Doug Mastriano says his antisemitic ally ‘doesn’t speak for me’

After days avoiding questions about antisemitic remarks by a supporter of his campaign, Doug Mastriano, the Republican nominee for governor of Pennsylvania, said on Thursday that he rejected “antisemitism in any form.’’

Mr. Mastriano has faced mounting criticism from Democrats and Republicans alike since it was revealed in early July that he paid $5,000 in campaign funds to the far-right social media site Gab. The payment, for “consulting,’’ apparently was intended to bring Mr. Mastriano a broader following on Gab, which is known as a haven for white nationalists and users banned from other platforms.

In defending Mr. Mastriano’s ties to Gab in recent days, its founder, Andrew Torba, repeatedly made antisemitic remarks and said in one video that neither he nor Mr. Mastriano would give interviews to non-Christian journalists.

Mr. Mastriano on Thursday did not condemn Mr. Torba. He blamed Democrats and “the media” for the controversy.

“Andrew Torba doesn’t speak for me or my campaign,’’ Mr. Mastriano wrote in a statement released on Twitter. “I reject anti-Semitism in any form. Recent smears by the Democrats and the media are blatant attempts to distract Pennsylvanians from suffering inflicted by Democrat policies.”

While Mr. Mastriano had remained silent about Gab earlier, Mr. Torba had responded to reports about the payment by Mr. Mastriano’s campaign in a series of livestreamed videos.

“My policy is not to conduct interviews with reporters who aren’t Christian or with outlets who aren’t Christian, and Doug has a very similar media strategy where he does not do interviews with these people,” Mr.
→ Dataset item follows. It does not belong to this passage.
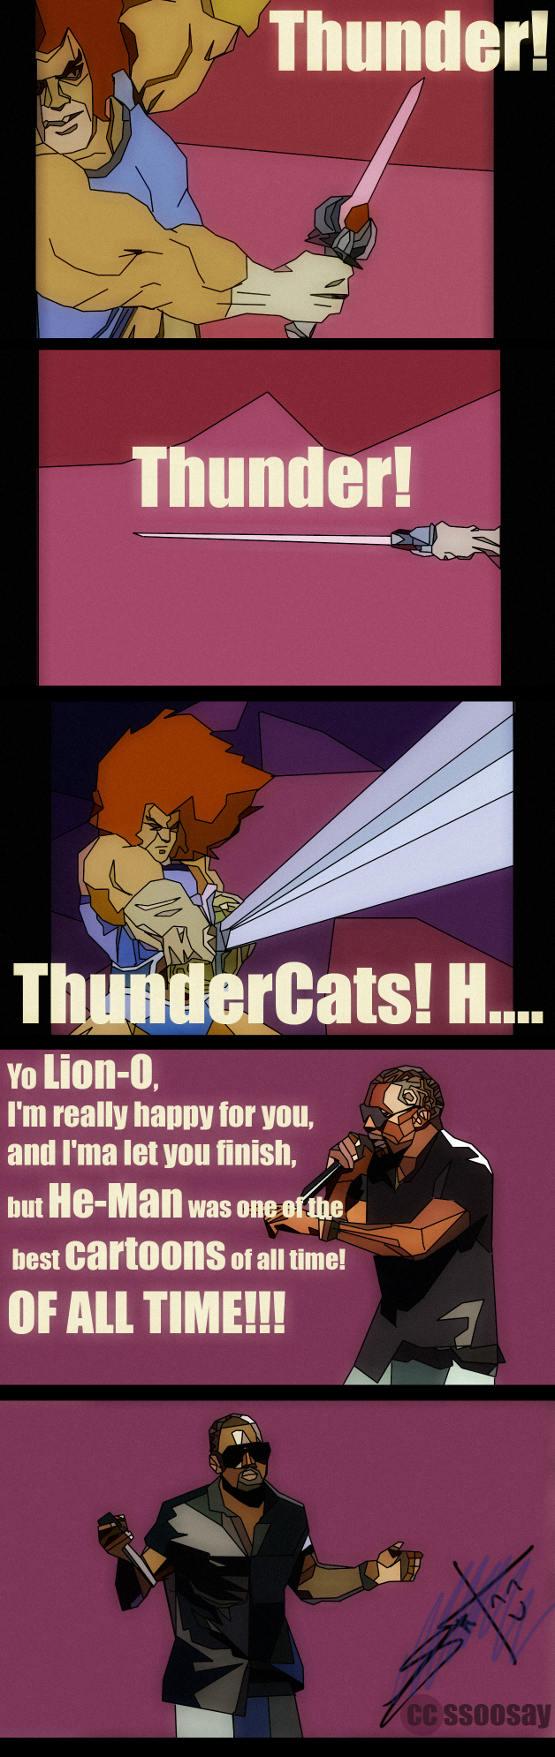 Kanye-thundercats

Torba said in one video, according to The Jerusalem Post. “He does not talk to these people. He does not give press access to these people. These people are dishonest. They’re liars. They’re a den of vipers, and they want to destroy you.”

On Tuesday, Mr. Torba used an antisemitic trope in response to criticism from the chief executive of the Anti-Defamation League, Jonathan Greenblatt, who had condemned Mr. Mastriano for using Gab to post messages and gain political supporters.

“We’re not bending the knee to the 2 percent anymore,” Mr. Torba said in a video, an apparent reference to the rough percentage of the country that is Jewish. “We’re taking back our country,” he added. “We’re taking back our government, so deal with it.”

Mr. Mastriano, a far-right Pennsylvania state senator who has falsely argued that the 2020 presidential election was stolen, rarely speaks to traditional news outlets.

In recent days, pressure from Republicans in Pennsylvania and beyond for Mr. Mastriano to condemn Gab and quit the site has grown. Andy Reilly, the national Republican committeeman for Pennsylvania, who hosted a fund-raiser for Mr. Mastriano at his suburban Philadelphia home on Wednesday, said in an interview that Gab was “shameful” and “shouldn’t be part of the usual political dialogue.”

“Doug should make sure he makes it clear that he doesn’t agree with the people posting hateful things on the site,’’ Mr. Reilly said several hours before Mr. Mastriano released his statement on Thursday evening.

The two-paragraph statement neither addressed whether Mr. Mastriano, like Mr. Torba, follows a policy of not giving interviews to non-Christian news outlets, nor clarified why he had paid Gab $5,000. According to reporting by HuffPost, Mr. Mastriano may have paid Gab to increase his following on the site: New users appeared to be automatically assigned as followers of the Republican nominee.

About an hour before Mr. Mastriano’s statement was posted, Mr. Torba wrote on Gab that he did not work for the Mastriano campaign and was not its consultant. “The campaign paid Gab as a business for advertising during the primary,” he said. “The campaign posts on Gab, as do 50+ other campaigns from around the country. That’s the extent of the relationship.”

Later on Thursday, Mr. Mastriano made his Gab account private and then removed it, according to The Forward.

The Democratic nominee for governor, Josh Shapiro, who is Jewish, responded to Mr. Mastriano’s statement Thursday by recalling his praise for Mr. Torba in May: “Thank God for what you’ve done.”